* _EXERCISE INSTRUCTIONS_: Set down the lines below, exactly, starting at the one that contains "Spanien, Eindrücke aus" and stopping at the last line, inclusive. Omit pictures.

* _GIVEN INFORMATION_:
[Start of Attachment]
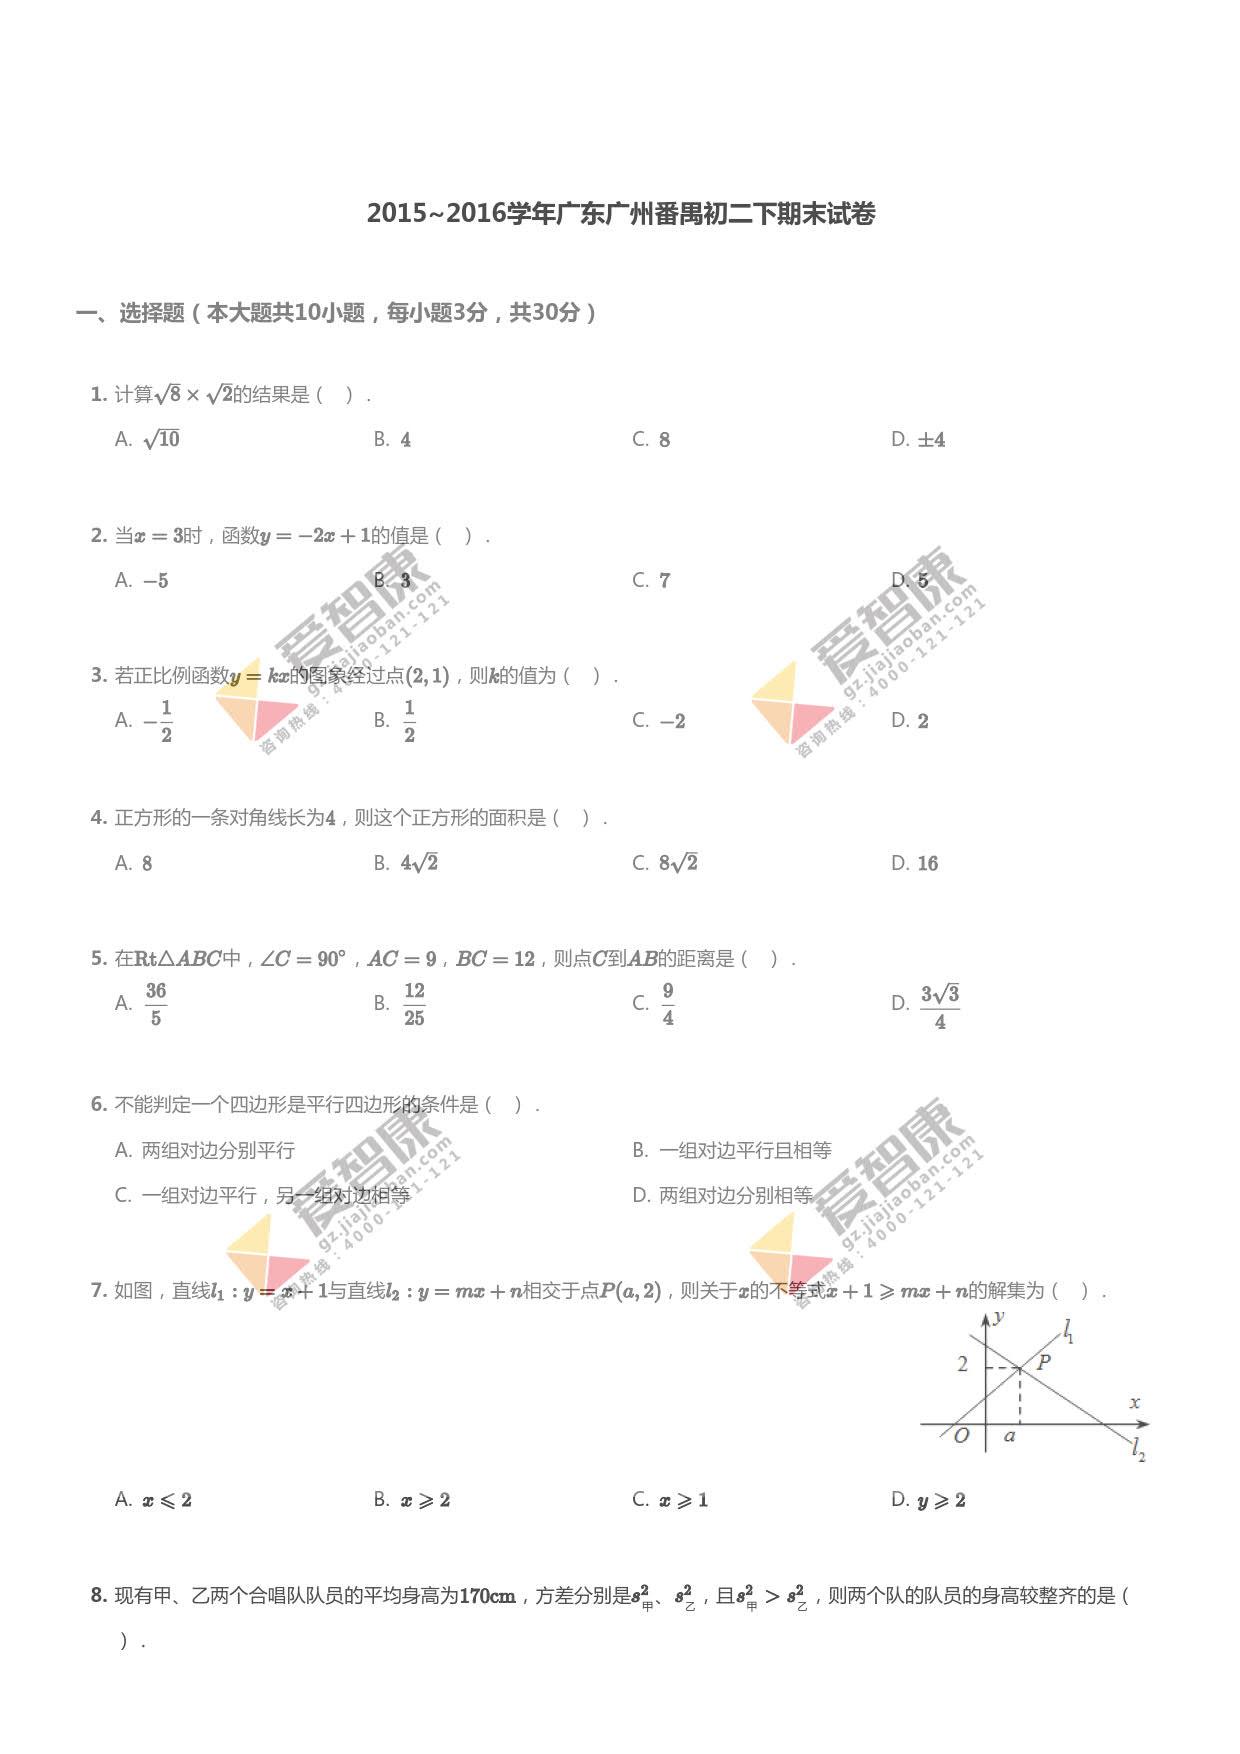 点此下载2015-2016学年广州市番禺区初二下学期期末数学试卷及答案
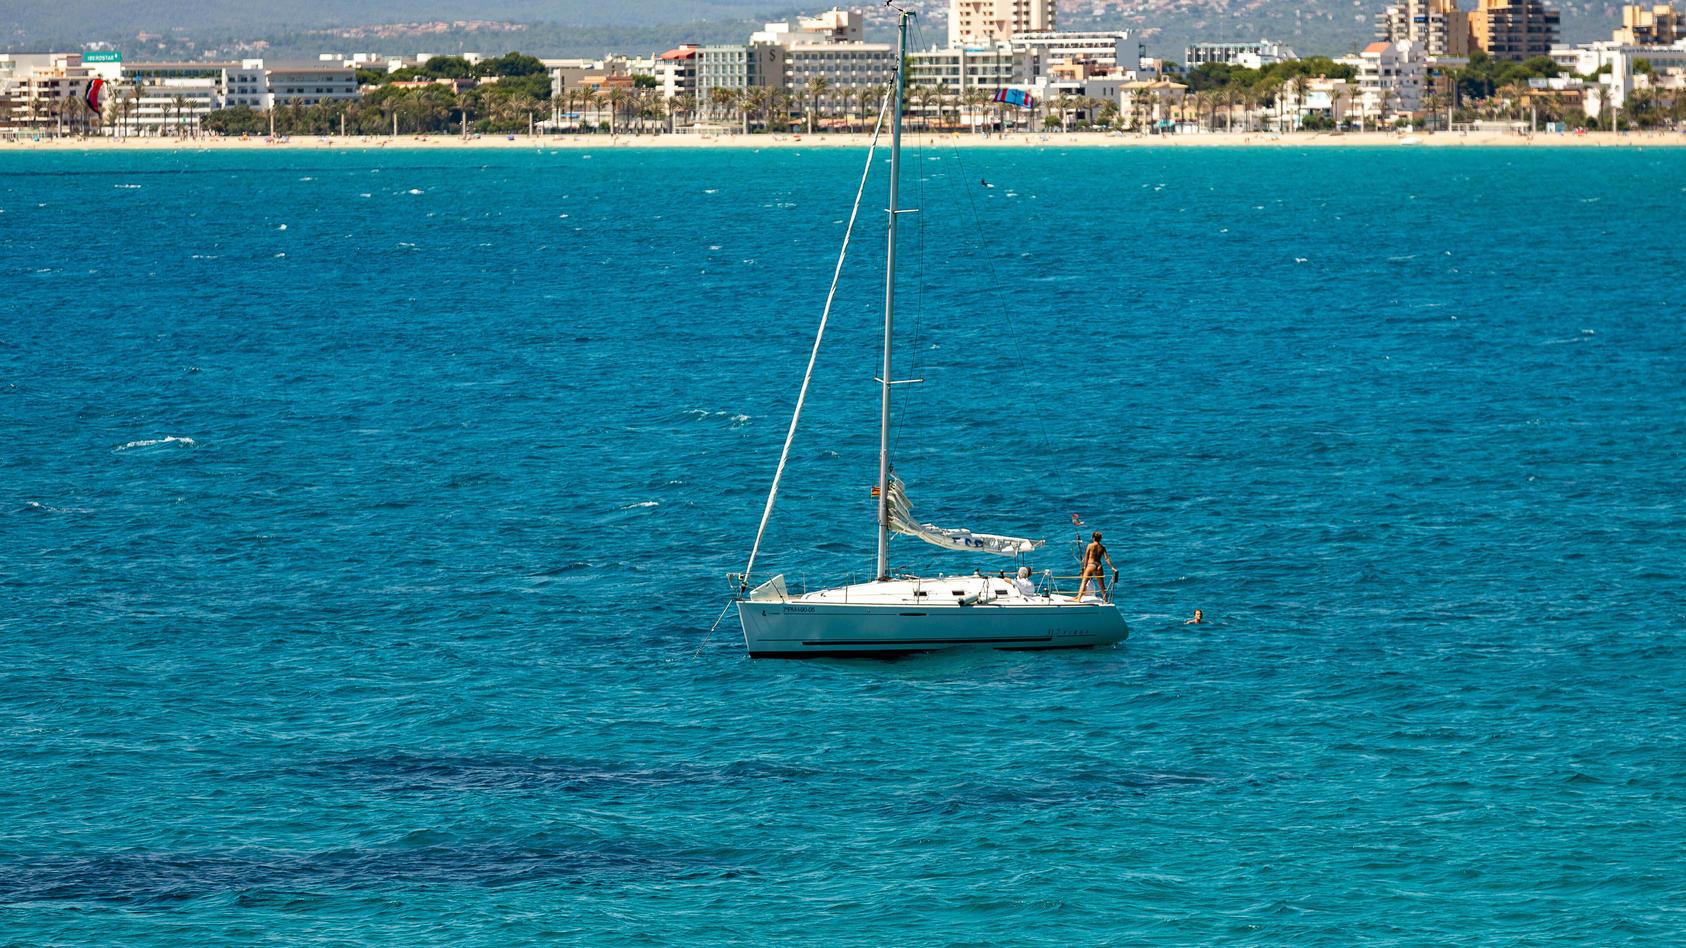 Spanien, Eindrücke aus Mallorca Mallorca GER, Themenfoto, Urlaub auf Mallorca, Tourismus in Zeiten der Corona-Pandemie,
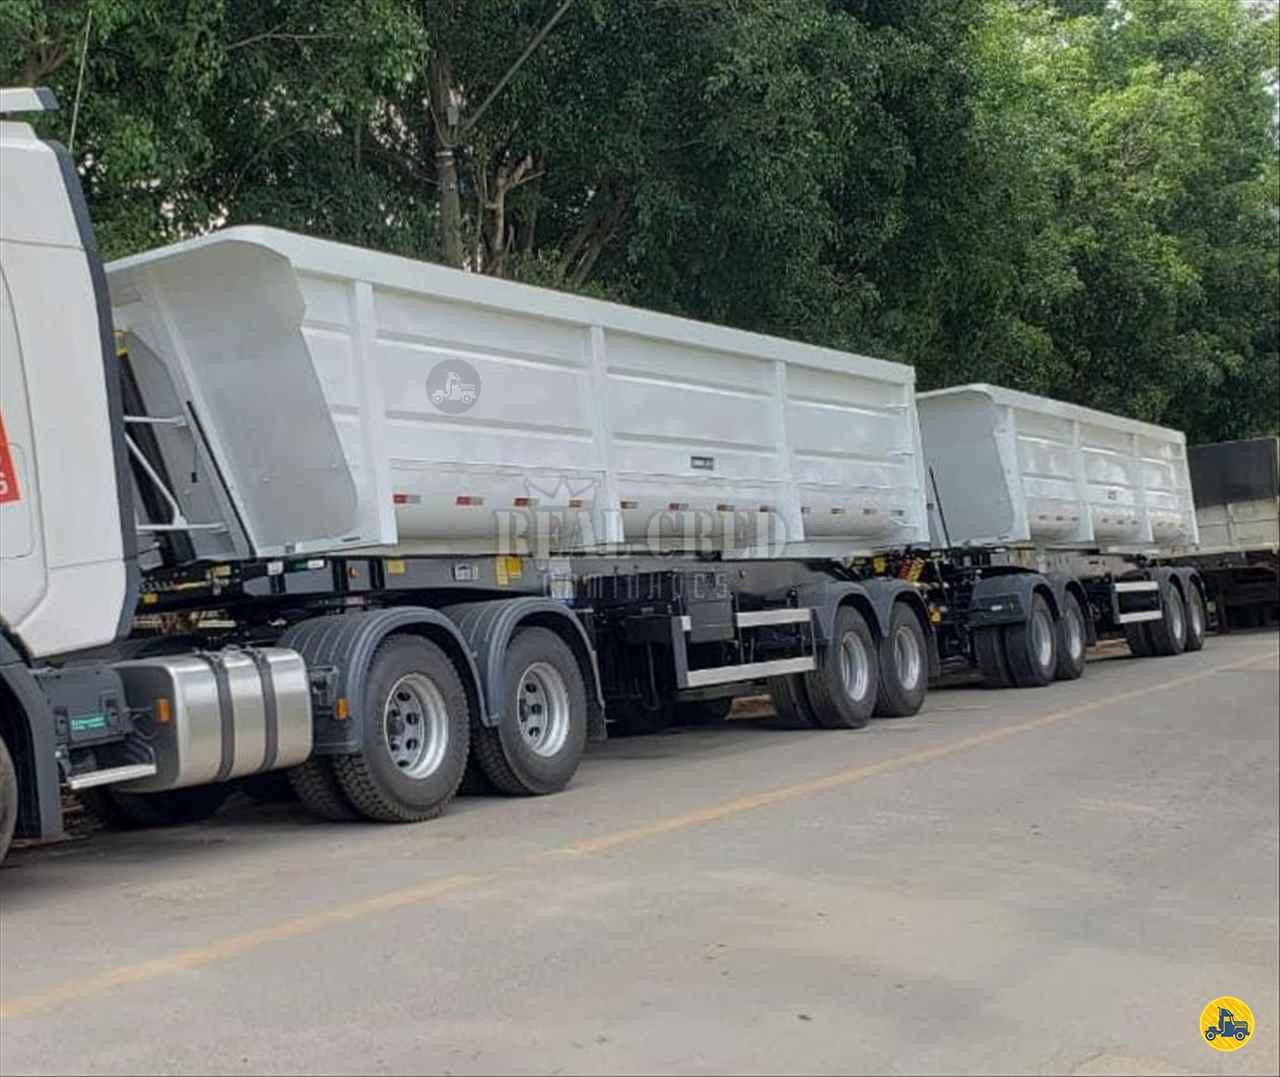 CARRETA RODOTREM BASCULANTE Real Cred Caminhões PIEDADE SÃO PAULO SP
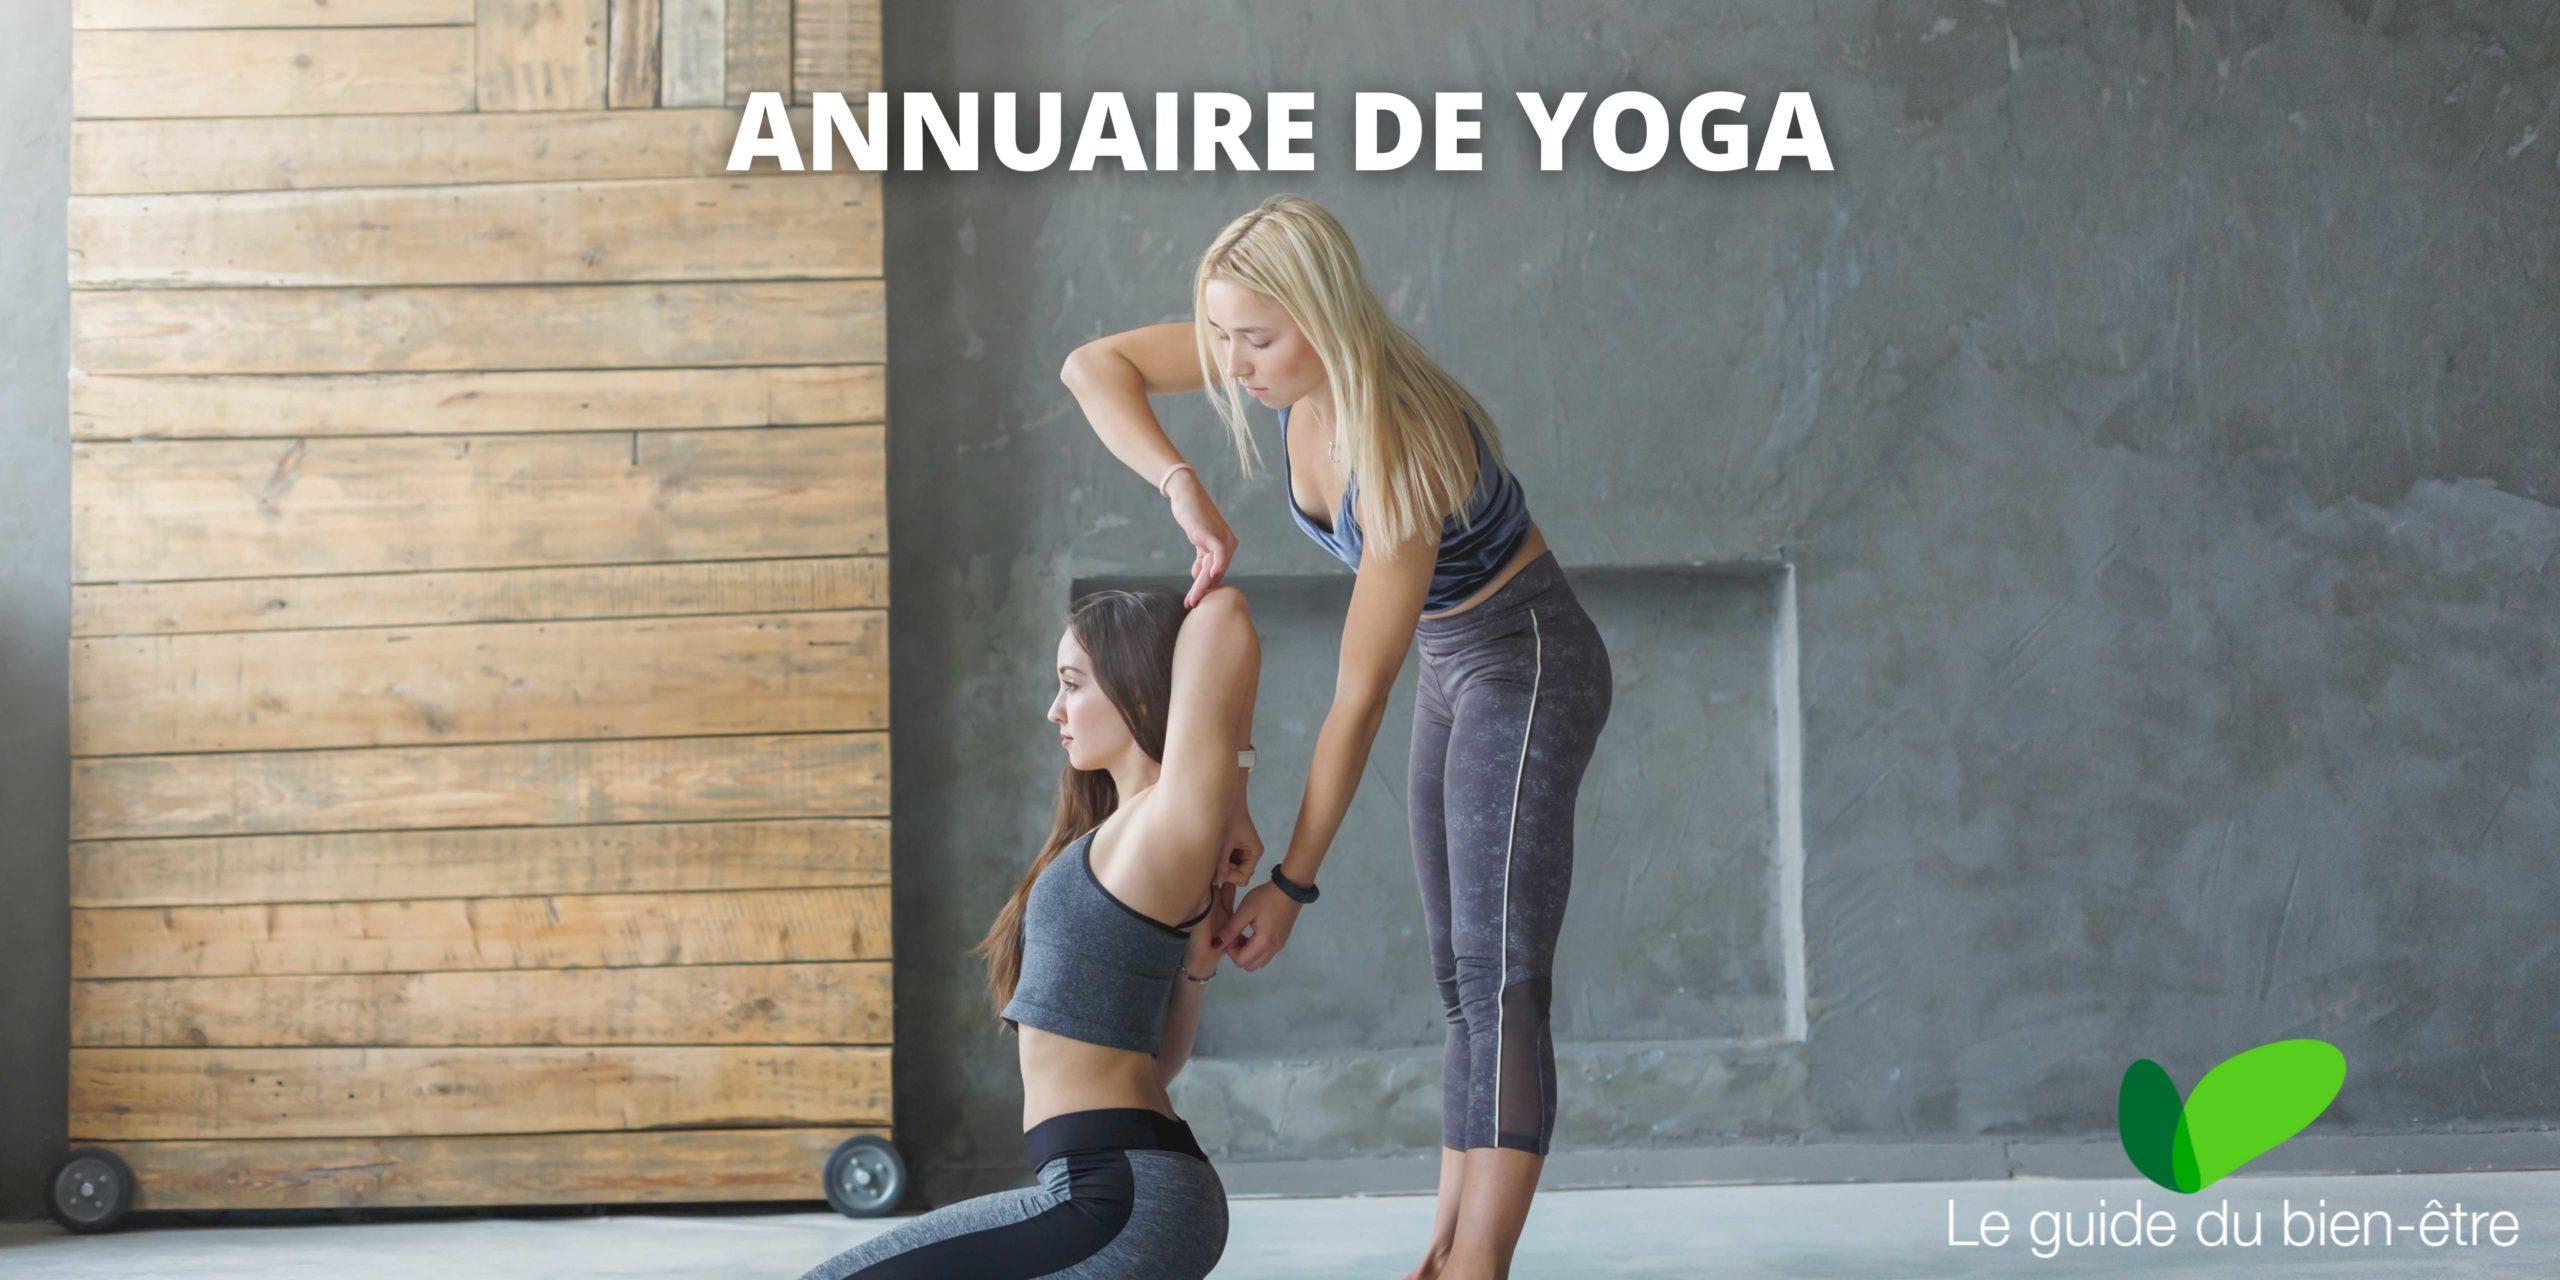 annuaire yoga, trouver des professeurs de yoga proches de chez vous
[End of Attachment]
* _ANSWER BOX_:
 Spanien, Eindrücke aus Mallorca Mallorca GER, Themenfoto, Urlaub auf Mallorca, Tourismus in Zeiten der Corona-Pandemie,
 CARRETA RODOTREM BASCULANTE Real Cred Caminhões PIEDADE SÃO PAULO SP
 annuaire yoga, trouver des professeurs de yoga proches de chez vous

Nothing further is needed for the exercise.